The University of Arizona

College of Agriculture and Life Sciences

Describing trends in vegetation recovery after land treatments in the southwestern US with associations between environmental variables, satellite greenness patterns, and ground-based measurements

Wednesday, February 14, 2018

Speaker:  Stella Copeland, USGS.
Date: Wednesday, February 14th, 2018
Time: 3:00-4:00 pm
Location: ENR2, S107
ABSTRACT: Treatments such as prescribed fire, seeding, and thinning are commonly applied on public lands to meet various management goals, such as increasing vegetation productivity and restoring ecosystem function. Identifying characteristics associated with successful treatment outcomes is challenging due to a lack of monitoring information in many locations and time periods. The effectiveness of treatments also vary due to site conditions, such as the type of disturbance and treatment, soil type and climate.

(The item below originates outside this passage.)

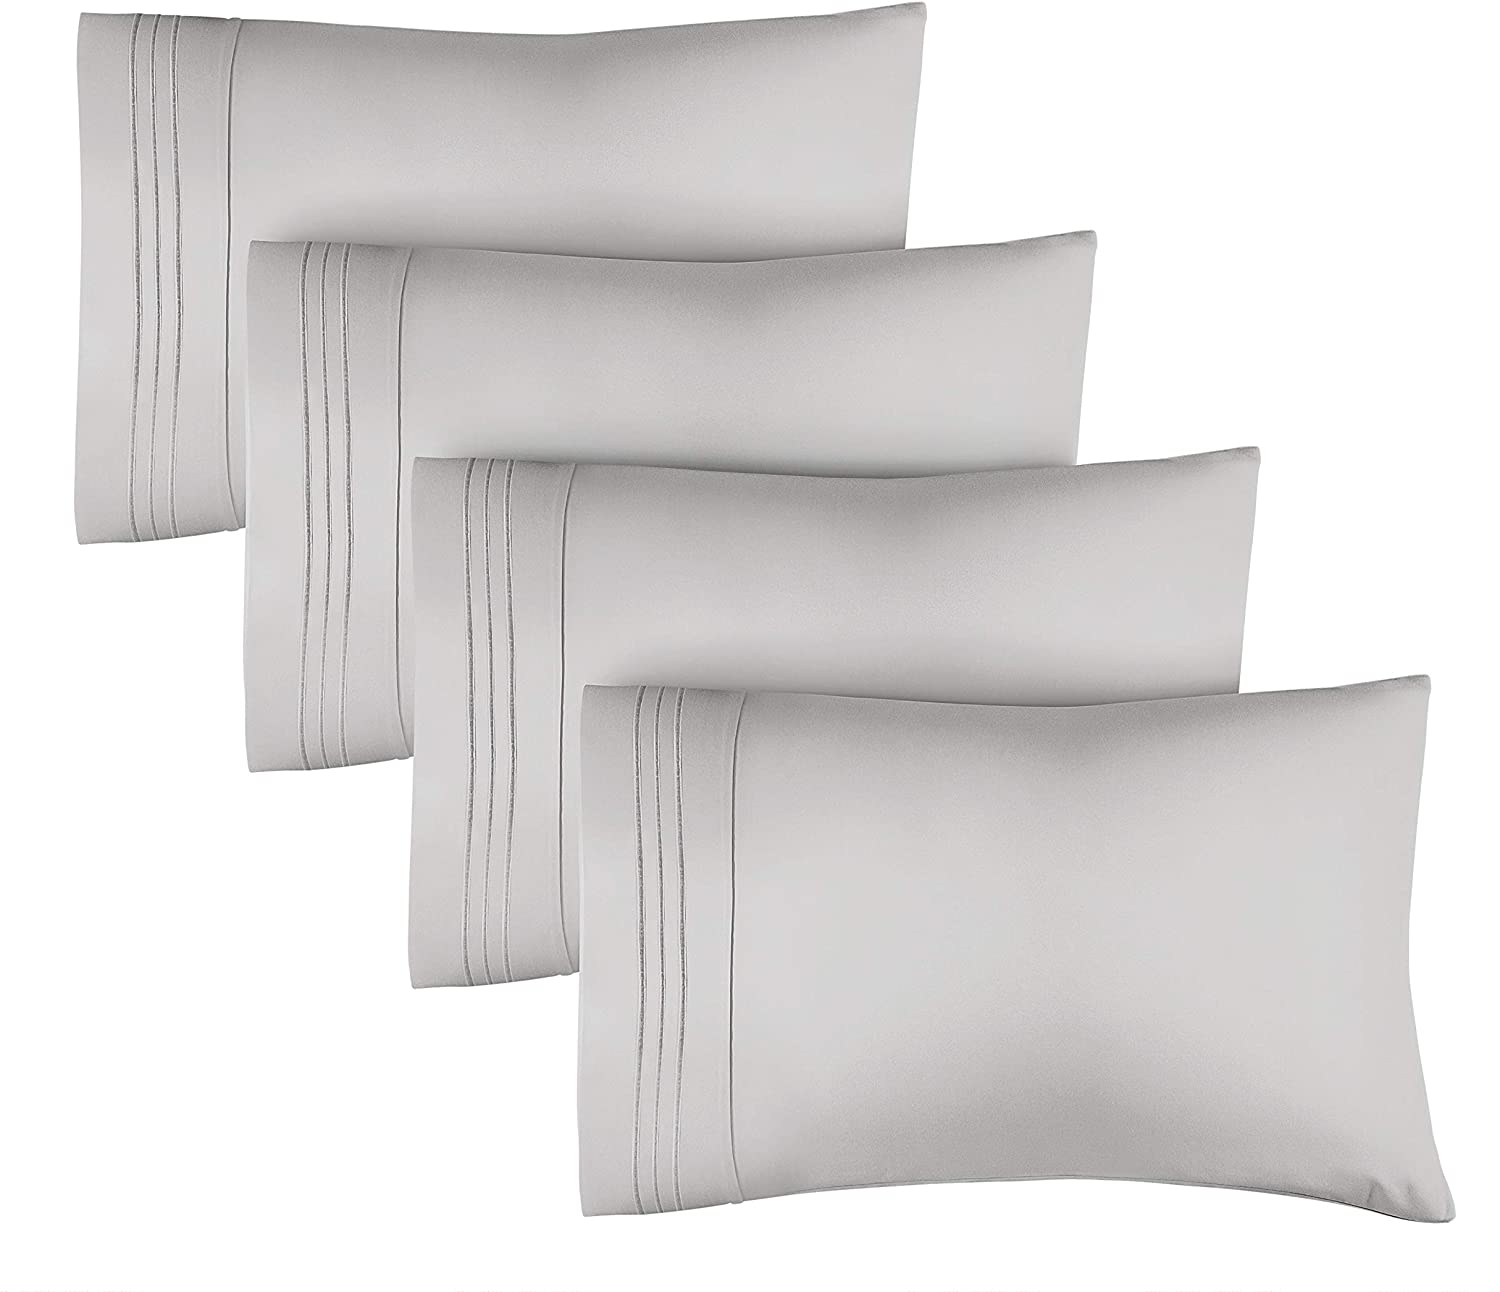 4 Pillowcase Set - Light Grey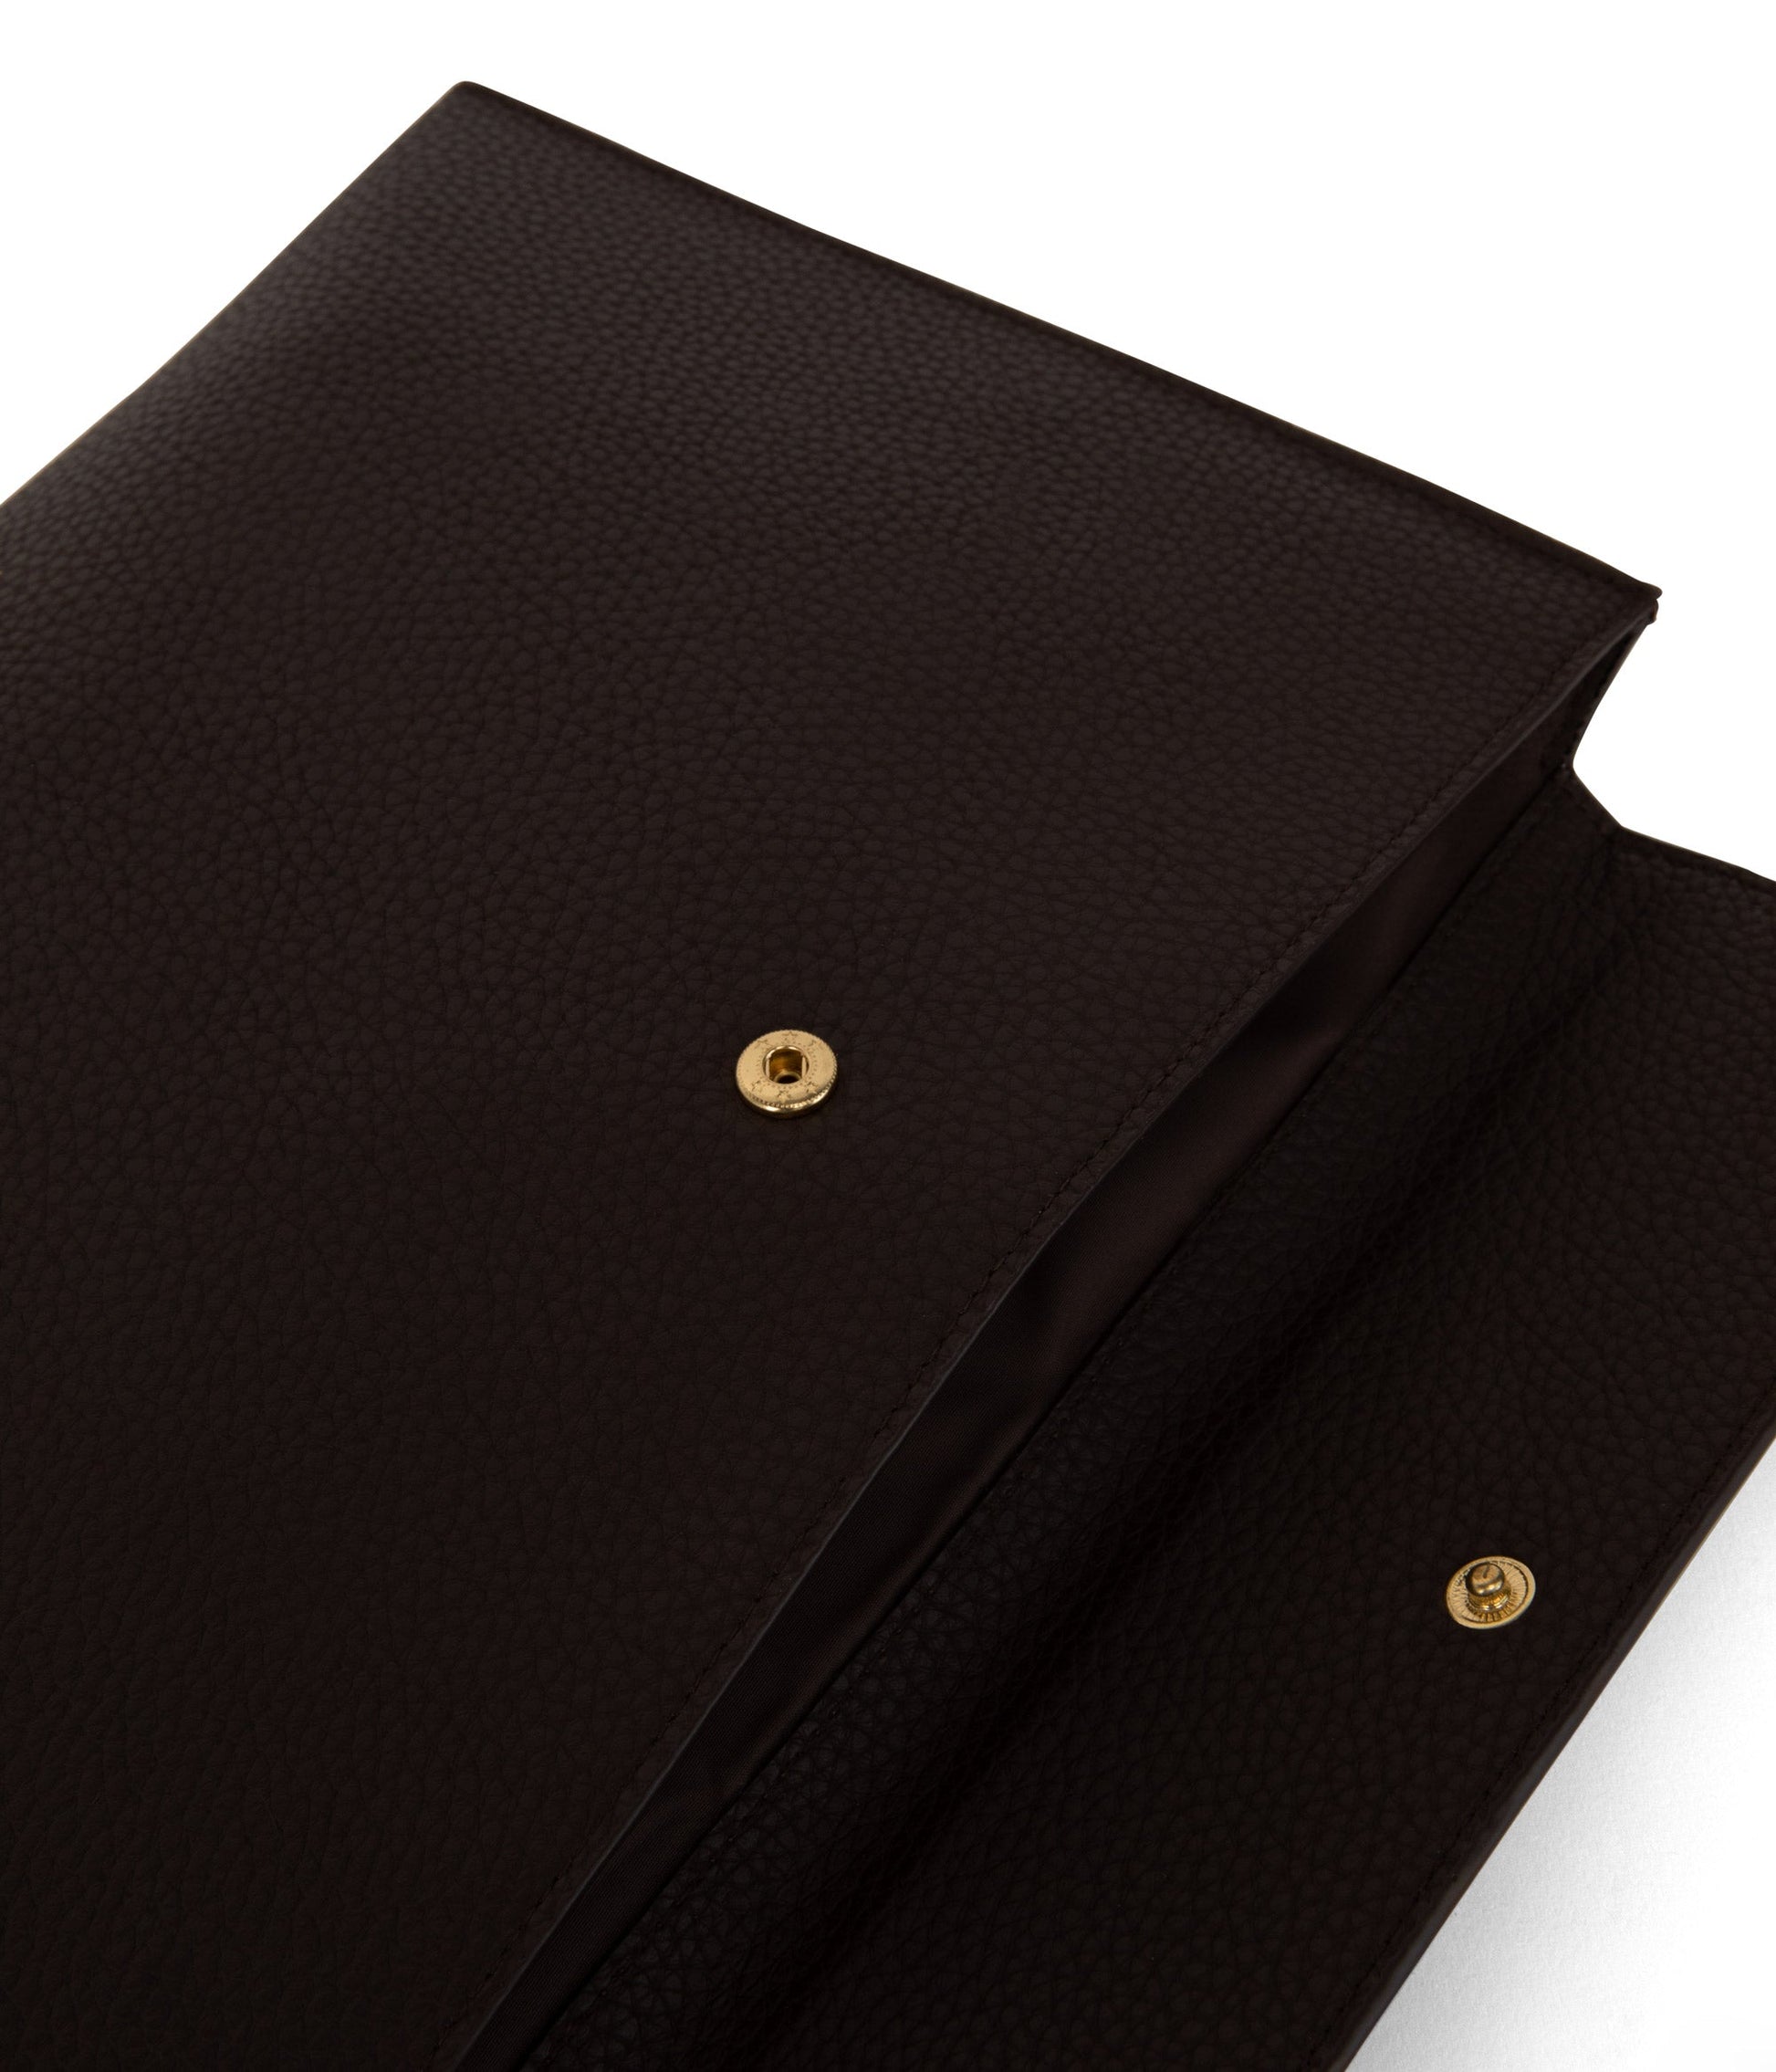 KIT 129 Vegan iPad Pro Case - Purity | Color: Brown - variant::truffle

Satellite derived vegetation indices, which indicate productivity, can be used to determine vegetation recovery related to treatments. In this study, we derived soil-adjusted total vegetation indices (SATVI) from 1988-2016 Landsat satellite imagery (30 m resolution) to describe vegetation trajectories over time in land treatment areas in Bureau of Land Management lands in the southwestern United States. We tested whether site climate and soil characteristics and weather during the treatment period were associated with greenness trends and recovery rate relative to pre-treatment greenness. We also compared SATVI to on-the-ground plot measurements of vegetation cover for a separate set of locations on the Colorado Plateau. Our results suggest that site soil, climate, and weather following treatment can influence recovery patterns as indicated by greenness. However, we also observed that high cover of annual species, likely frequently non-native species, detected by seasonal greenness patterns, can significantly affect greenness trends and relationships with environmental variables. Our results suggest that this approach, a combination of satellite imagery and ground-based monitoring, can be useful in predicting and understanding past recovery rates, particularly if annual species are accounted for in the analysis.